Помня о том, как некогда сам хотел все забыть, я понимал, чем вызвана эта эйфория, но мириться со слепотой и неведением я был не готов. Я не принимал участия в общем ликовании; мне было не до веселья. Я не хотел провести остаток жизни в плясках, или наблюдая за фейерверками. Довольно скоро музыканты и нарядно одетые люди стали вызывать у меня отвращение. Девушке же веселье пришлось по душе, оно полностью ее преобразило, чудесным образом вдохнув в нее жизнь. Исчезли слабость и апатия, она бегала по магазинам, скупая наряды и косметику, посещала парикмахерские и салоны красоты. Она стала другим человеком. Она уже не была стеснительной, с легкостью заводила дружбу с новыми знакомыми, и, черпая уверенность в их благосклонности, стала жизнерадостной и независимой. Мы почти не виделись; частенько я даже не знал, где она. Ко мне она приходила, только когда ей требовались деньги, которые тут же ей выдавались. Для меня ситуация складывалась не лучшим образом. Я хотел прекратить все это.

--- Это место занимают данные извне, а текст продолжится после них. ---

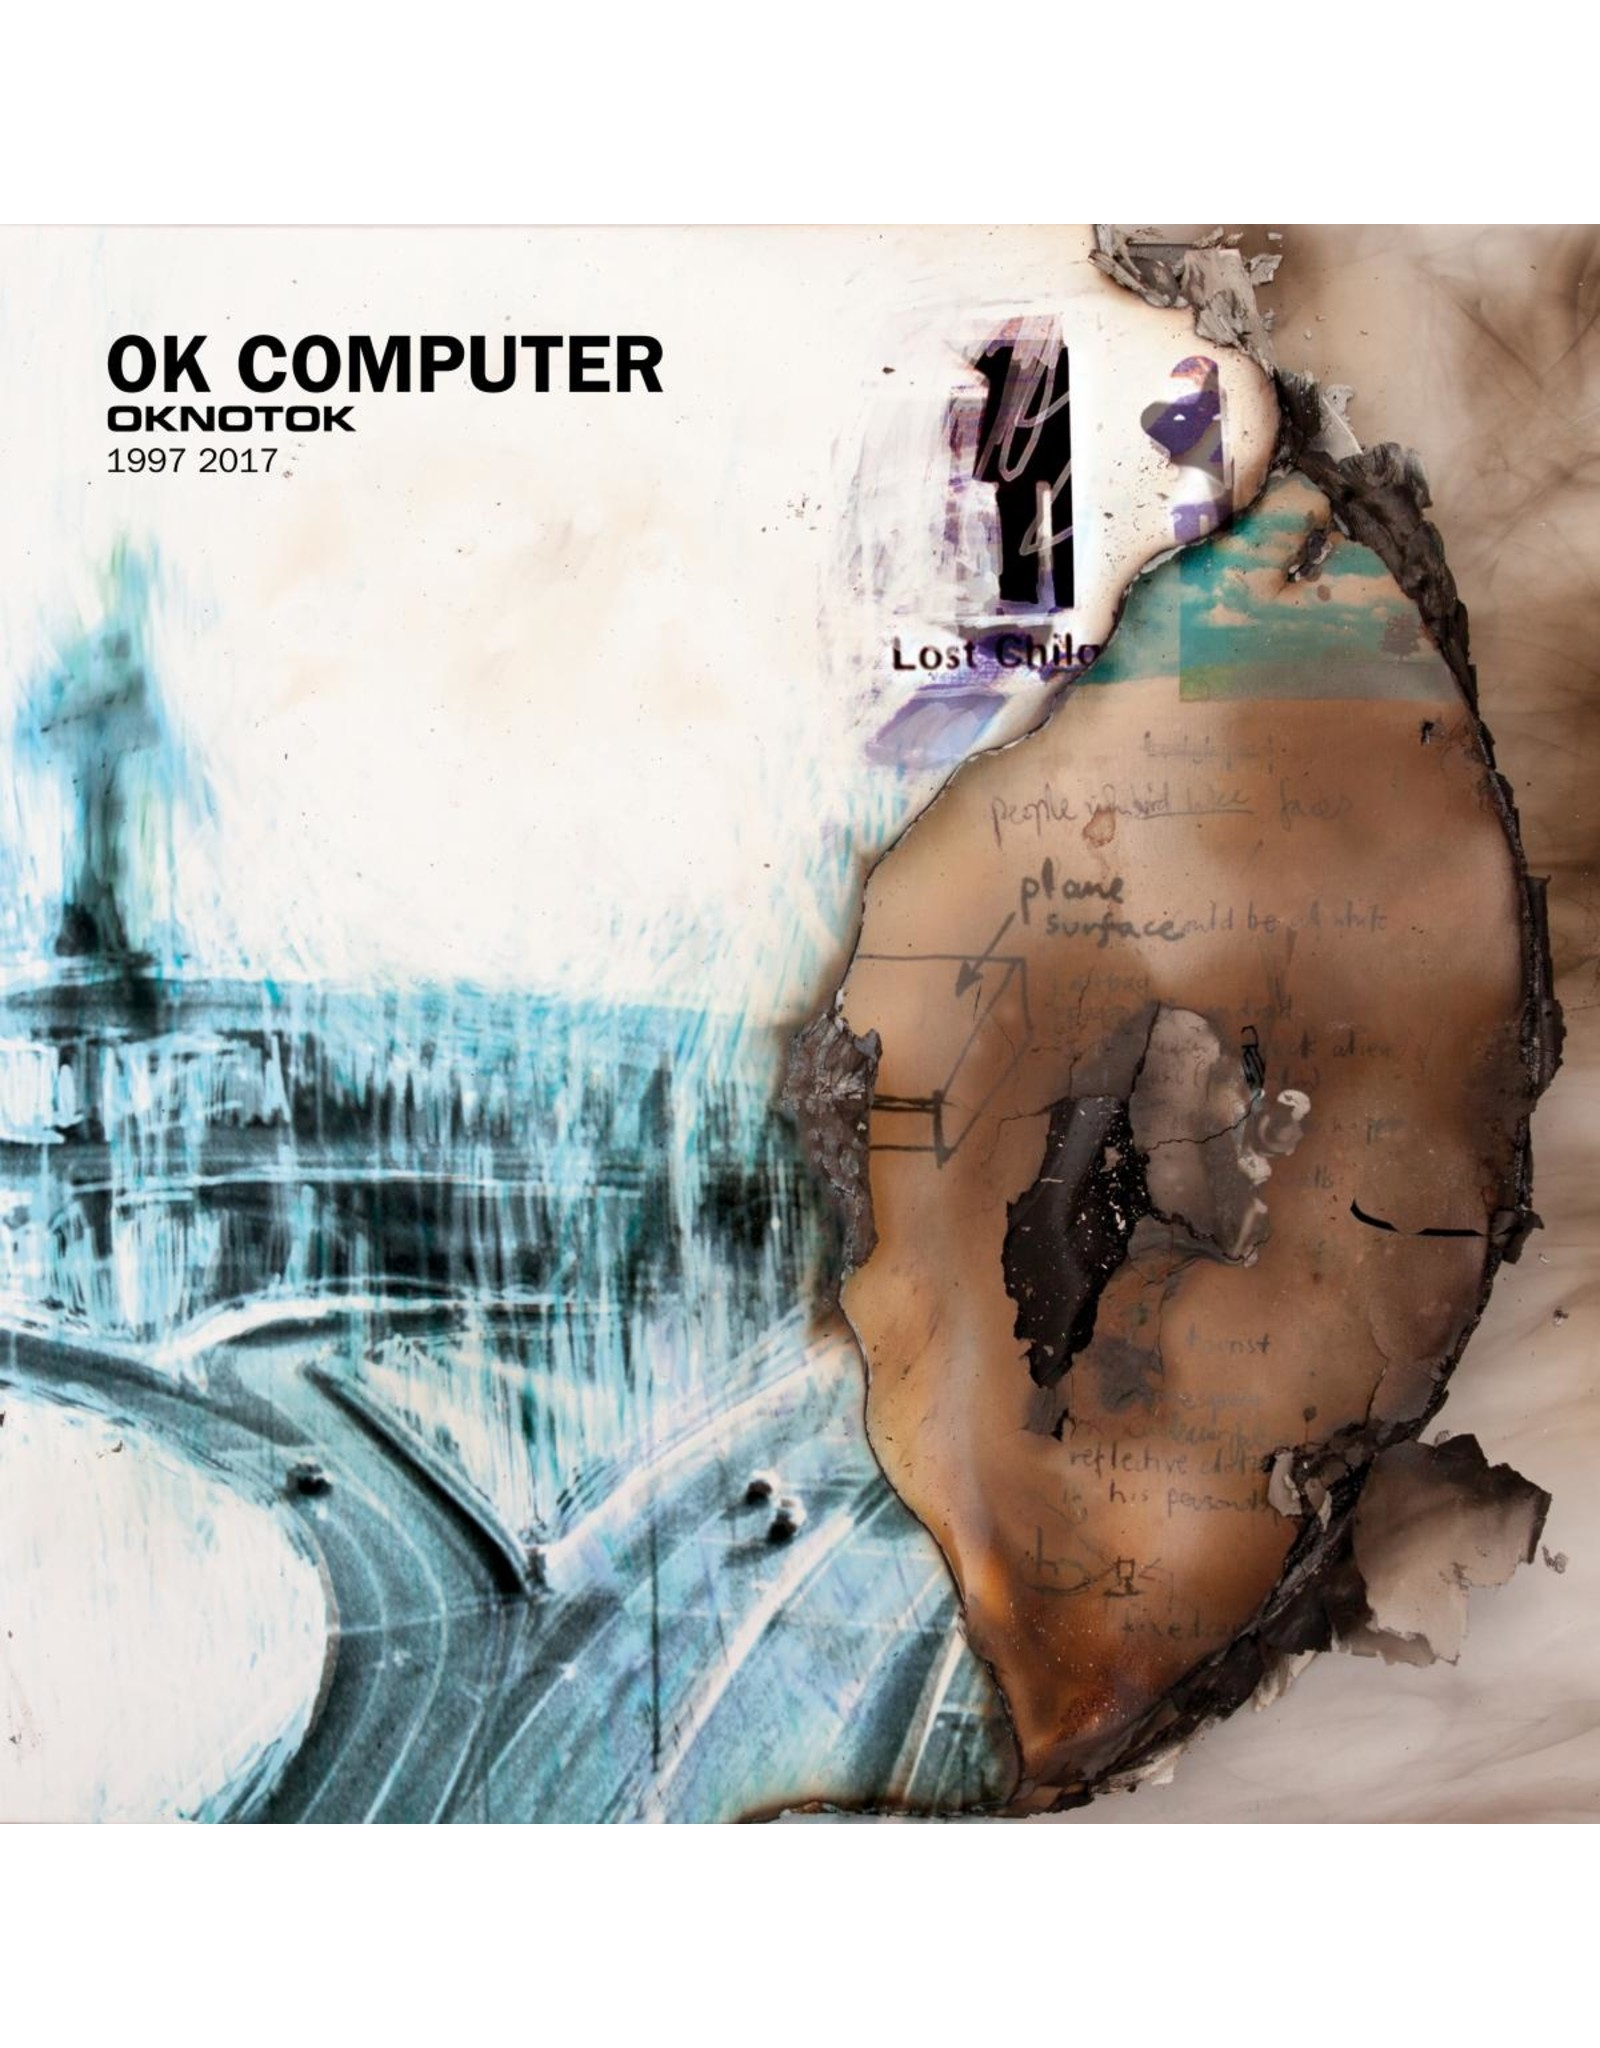 New Vinyl Radiohead - OK Computer OKNOTOK 1997 2017 3LP
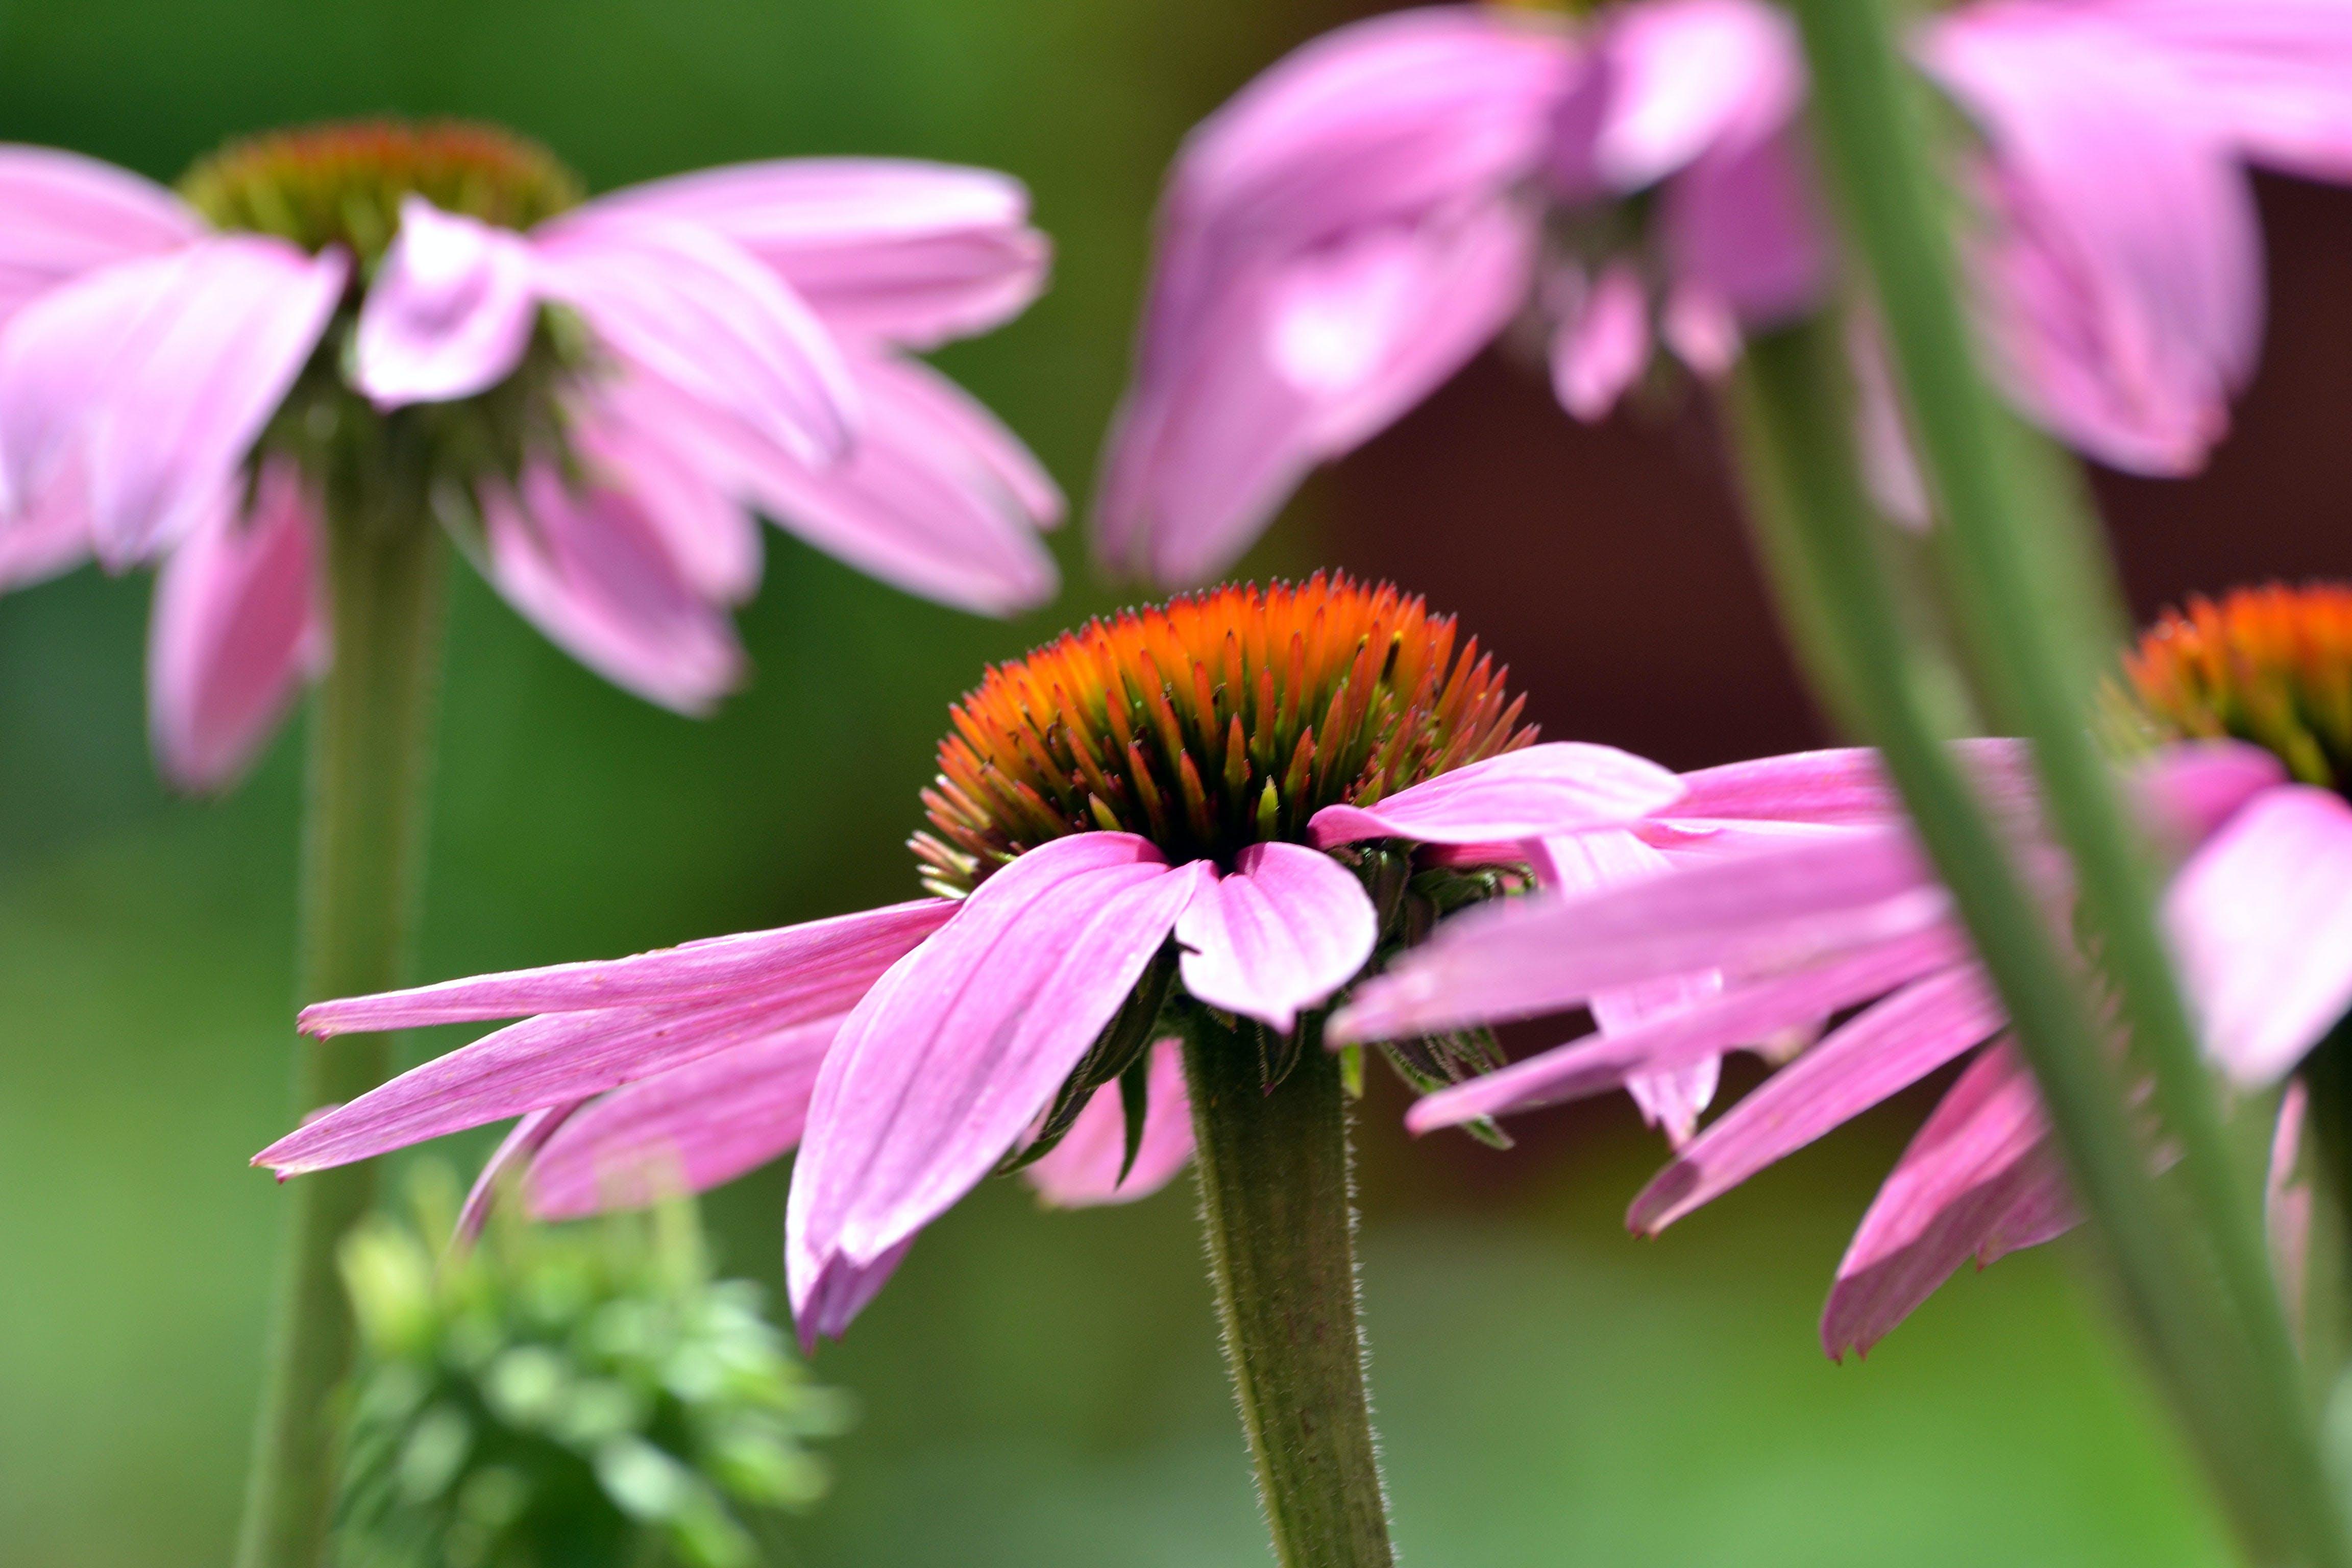 Free stock photo of beautiful flowers, mother nature, seasonal

Невозможно отгораживаться от мира вечно. Судьба планеты волновала меня, и как бы ни разворачивались события, я хотел принимать в них активное участие. Нескончаемые празднования наскучили, от них так и веяло пороком, это был пир во время чумы. Люди обманывали себя, поддаваясь ложному ощущению безопасности, потакая собственным слабостям и принимая желаемое за действительное. Я не верил ни секунды, что кто-то из них спасется.

Я внимательно следил за погодой; стояли ясные и теплые дни. Но тепла было все же недостаточно. Я заметил, что температура резко падает после заката и становится ощутимо холоднее. То был верный знак. Когда я говорил об этом, меня убеждали, что сейчас просто такой сезон. Ведь у солнца должно быть много силы. Я стал замечать и другие признаки изменения климата. Растения в тропических садах начали хиреть. Я спросил у служащего, отчего. Он с подозрением посмотрел на меня и пробормотал что-то уклончивое; когда же я стал настаивать, он сказал, что его ждет главный садовник, и убежал. Я заговорил о прохладных вечерах с местными жителями, увидев, как странно они одеты, когда выходят на улицу. Очевидно, они не привыкли даже к такой умеренно пониженной температуре, у них просто не было подходящей одежды. Они тоже отвечали уклончиво и с тревогой поглядывали на меня. В свете новых законов, они, наверное, приняли меня за провокатора.

Мой знакомый, занимающий пост в правительстве, остановился в городе на дозаправку самолета. Я связался с ним, хотел расспросить, что где происходит. На контакт он не шел. Мне было ясно по какой причине, и я не стал на него давить. Он не мог знать наверняка, на чьей я стороне. Ошибок не прощали. От всех и каждого требовалась полнейшая безоговорочная преданность. Неосторожная фраза могла погубить любого. Он все же согласился, хотя и неохотно, взять меня в свой самолет, но доставить готов был только до одного из островов архипелага. По карте я посмотрел, что остров, где обитают индри, совсем недалеко, и я пообещал себе краткий визит к лемурам, прежде чем направиться к театру военных действий.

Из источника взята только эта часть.